An economist, Dr Owusu Adu Sarkodie, has proposed to the government to bring home the Heritage Fund and invest it locally rather than in a foreign country where the interest on the fund is nominal.

According to him, the Heritage Fund is not earning any significant interest rate outside the country and would be of immense benefit to the government and future generations if the Fund is brought home and invested in infrastructure that will last years, Citinewsroom.com has reported.

"We have invested the Heritage Fund outside, and it is earning us a two percent nominal interest rate when the US inflation rate is now eight percent. So if you earn two percent on your heritage fund, it means you are getting negative real returns on the Heritage Fund.

"It does not make any economic sense or prudence to invest and get two per cent when the inflation rate of the country that you have invested in is eight per cent now. It means you are really losing," Dr Sarkodie told the host of the Big Issue, SelormAdonoo, on Saturday, December 3, 2022.

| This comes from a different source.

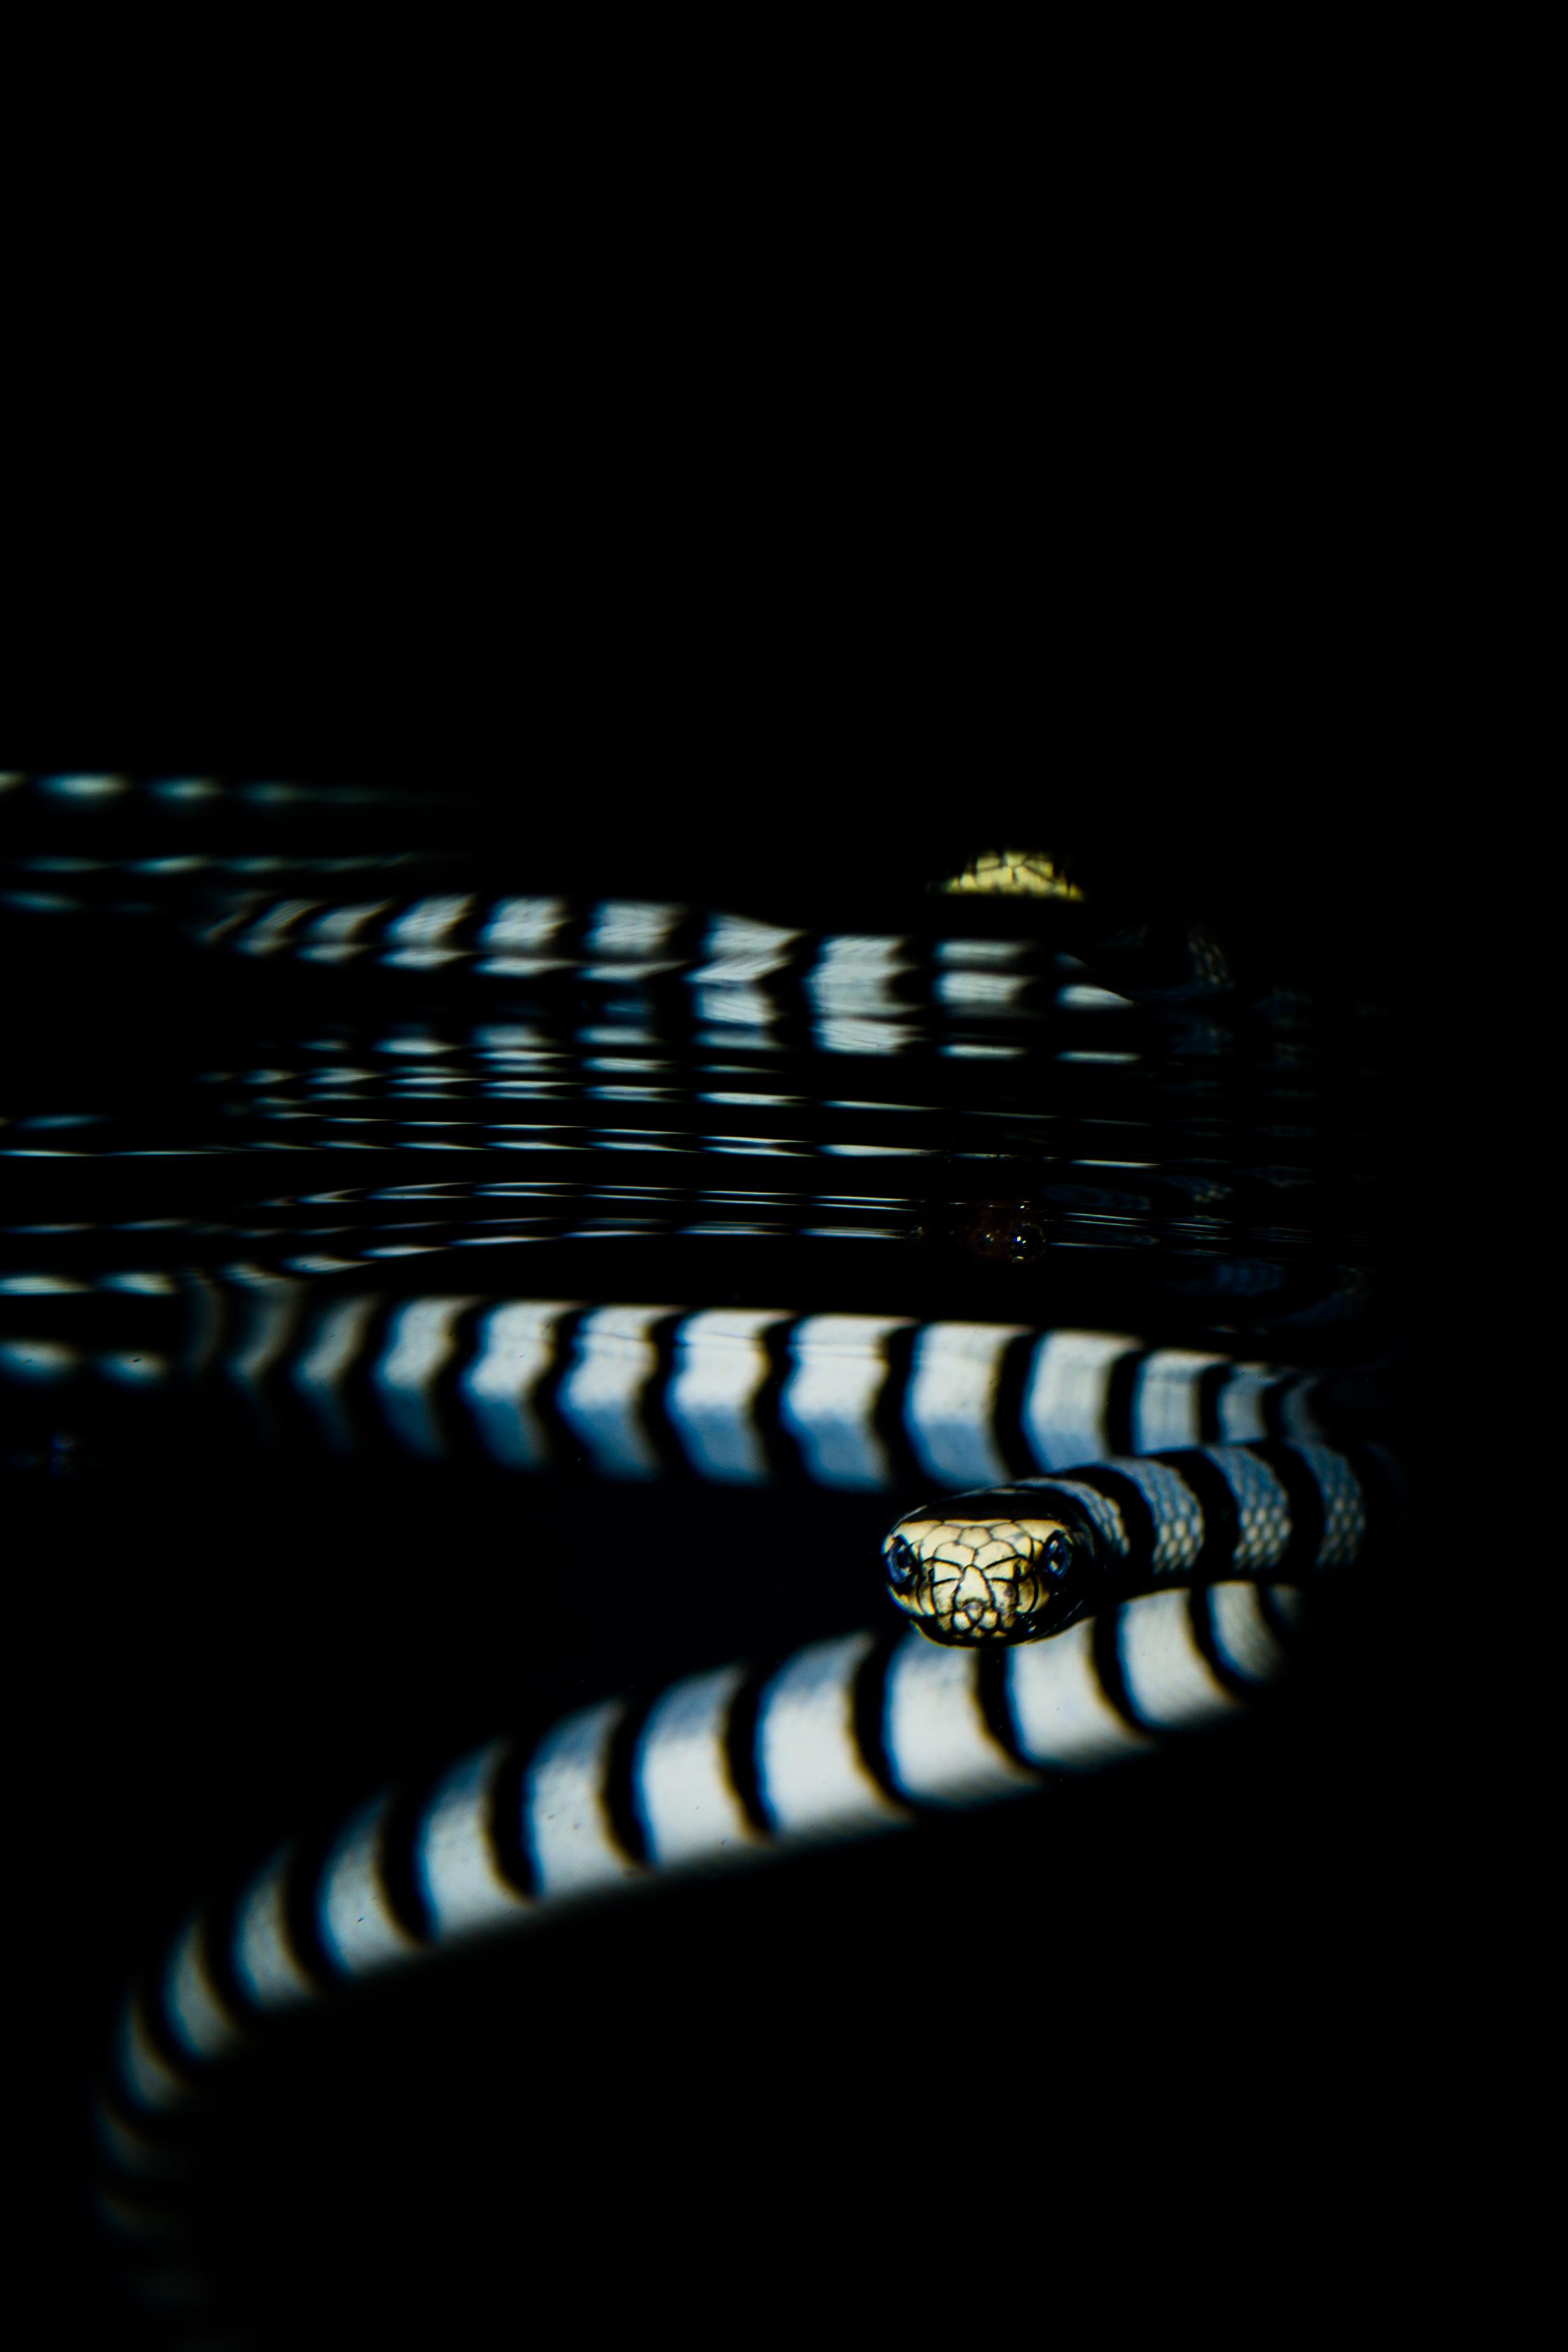 Sea krait staring

Dr Sarkodie added, "My proposal is that the Heritage Fund currently is about $1 billion. It must be brought home and invested in this country so that the government can borrow from the fund because it is better for the government to borrow from the Heritage Fund locally and pay about five percent than keeping it in somebody's country and earning us two-percent nominal and negative six percent real."

"Honestly, I think that the Heritage Fund should be brought home and invested in physical infrastructure, something like a railway line... because the essence of the Heritage Fund is to save for the future generation... so it is better to construct roads that will last for about 100 years than to keep it in somebody's country and earn a negative real interest rate on it, it doesn't make economic prudence.

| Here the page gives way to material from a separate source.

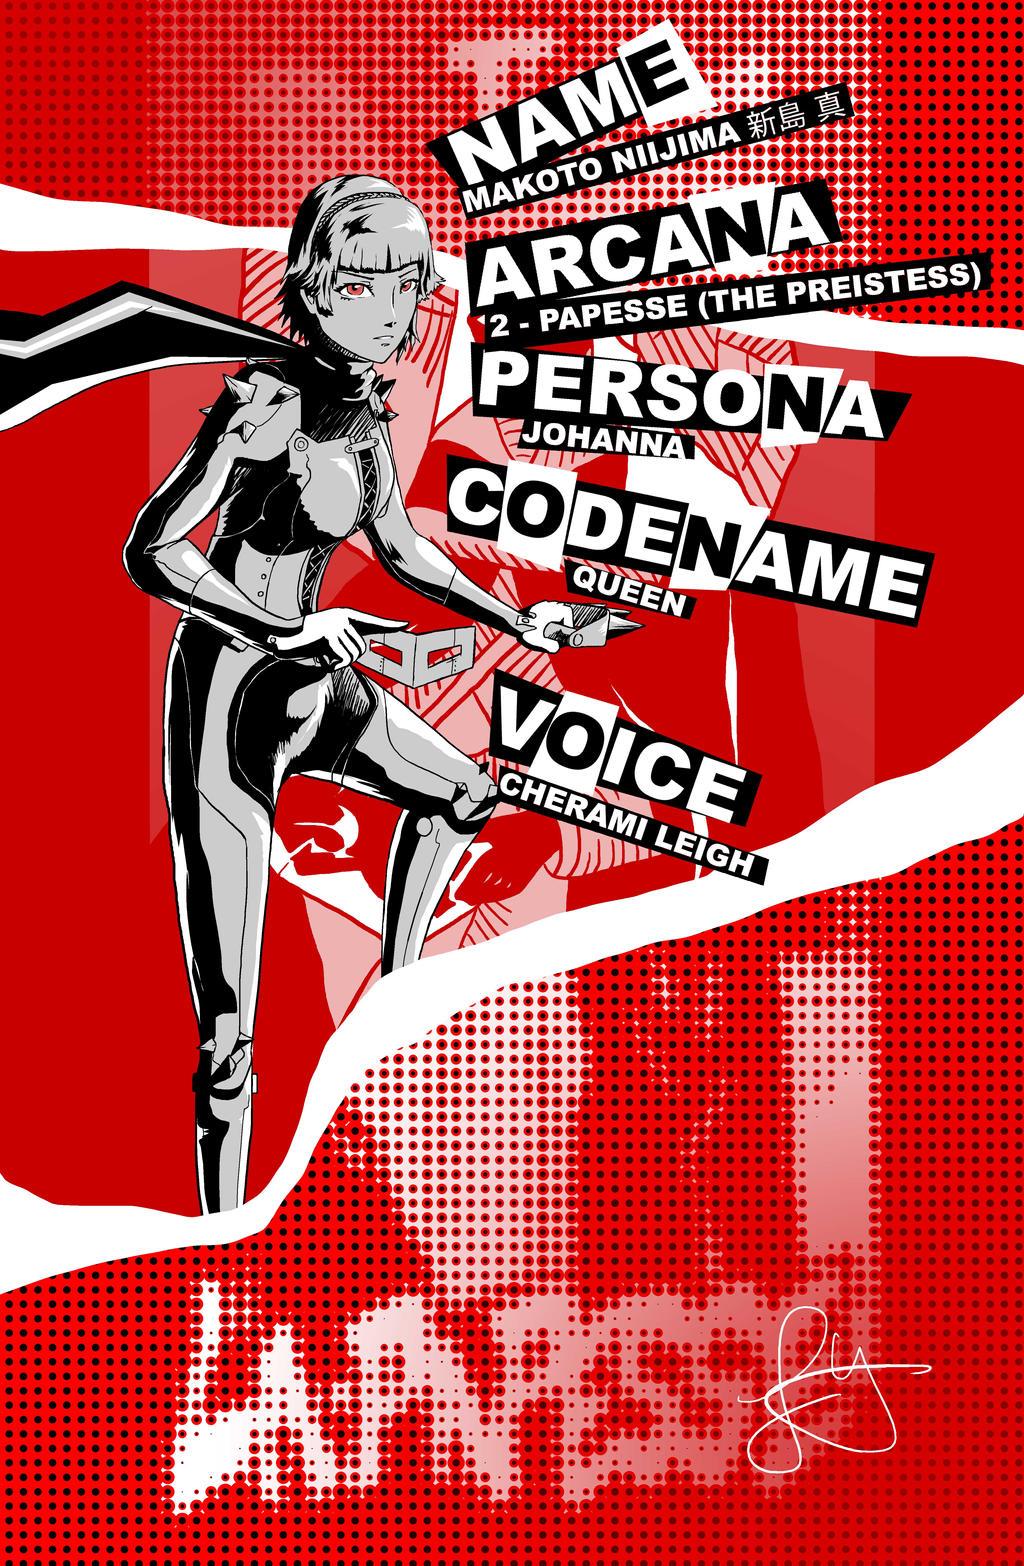 priestess persona 5

Dr Sarkodie also urged the government to digitise the collection of Property rates which he said has the potential to generate GH¢11 billion for the government as it embarks on a robust revenue mobilisation in 2023.

Franklin Cudjoe, a founding President and Chief Executive Officer of the Imani Centre for Policy and Education, agreed with the proposal of Dr Sarkodie adding that bringing the Heritage Fund to Ghana will yield more benefits to the government than keeping the fund abroad.

The purpose of the Heritage Fund is to provide an endowment to support the development of future generations when the petroleum reserves have been depleted. To achieve this objective the fund seeks to preserve and enhance the real (inflation-adjusted) purchasing power of the fund over the long term.